Muha’s approach takes a reproduction as a starting point, since Ukiyo-e has been reprinted via mass culture for a long time. As Lichtenstein did with mass-produced comic panels, he creates a new, unique painting. By making a “new original,” he is conceptually returning an Ukiyo-e graphic print-reproduction to its “start,” the artist-made template that every Ukiyo-e was at first, before it was gradually destroyed in the printing process. Furthermore, every print was not identical to its original, due to the cumulative damage to the wooden pattern, and so there are notable differences in each printed series, as well as reproductions, with regard to printing surface, age, and quality. While Ukiyo-e was losing its original template and entering the triple reproduction process (graphic, technical, and digital), in this context the copies are creating the originals. In appropriating the practice of old masters, Muhamed Kafedžić is respecting the core templates and referring to the original (scene title, original artist, date, and location), while the differences introduced between Ukiyo-e and his paintings are mostly visible in changing color relations, adjustments of certain shapes to contemporary styles, and leaving slightly expressionistic acrylic traces.

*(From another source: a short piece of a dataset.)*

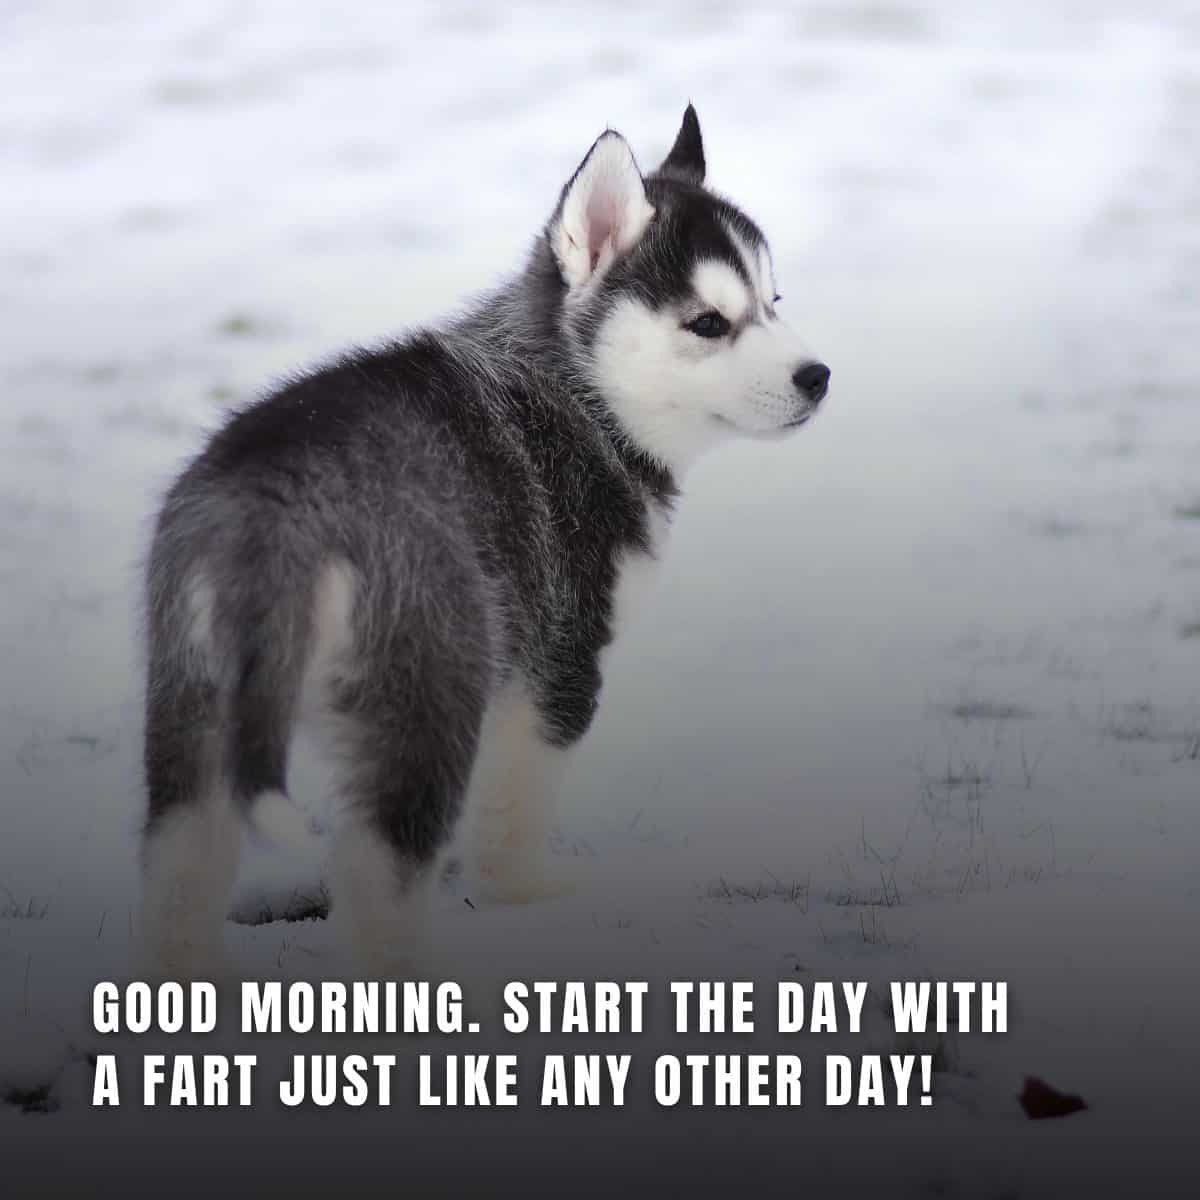 Good Morning. Start The Day With A Fart Just Like Any Other Day

Every artist who references existing phenomena in art history, famous artworks, and artists, does so to make his or her own work more visible. By relying on the heritage of pop art, an artist can tackle visual codes that have their own influence and recognizability, i.e. a piece of borrowed glory. Maybe this is the right moment to mention a tendency of creating homage and the phenomena of homage or fan art, related to an object of admiration. Both—similar and different—tend to materialize their enjoyment in other’s’ work, by interlinking themselves with it, imitating (imitatio[19]) it, relying on its, e.g., technique, topic, character, or a story. Fans have a tendency to copy, because that can bring them closer to their role models; they identify partially with makers and characters (as in the case of cosplay), supplying themselves with the model’s own energy, which is very close to but different from the practice of artists. In the homage process, one is learning (from more experienced creators),improving one’s technique, and incorporating a part of oneself into something that is already present and established. Although most fans remain focused on the world developed by the original, artists have more aspirations to create independent scenes and readings, which is the main reason why Muha’s oeuvre could not be categorized as fan art. Having said this, a partial parallel could be drawn with Nemanja Kostić’s work, which is situated somewhere between the appropriation of commercial/pop/mass culture (anime) and the fan approach. Midžić calls this type of artists “devotees.”[20]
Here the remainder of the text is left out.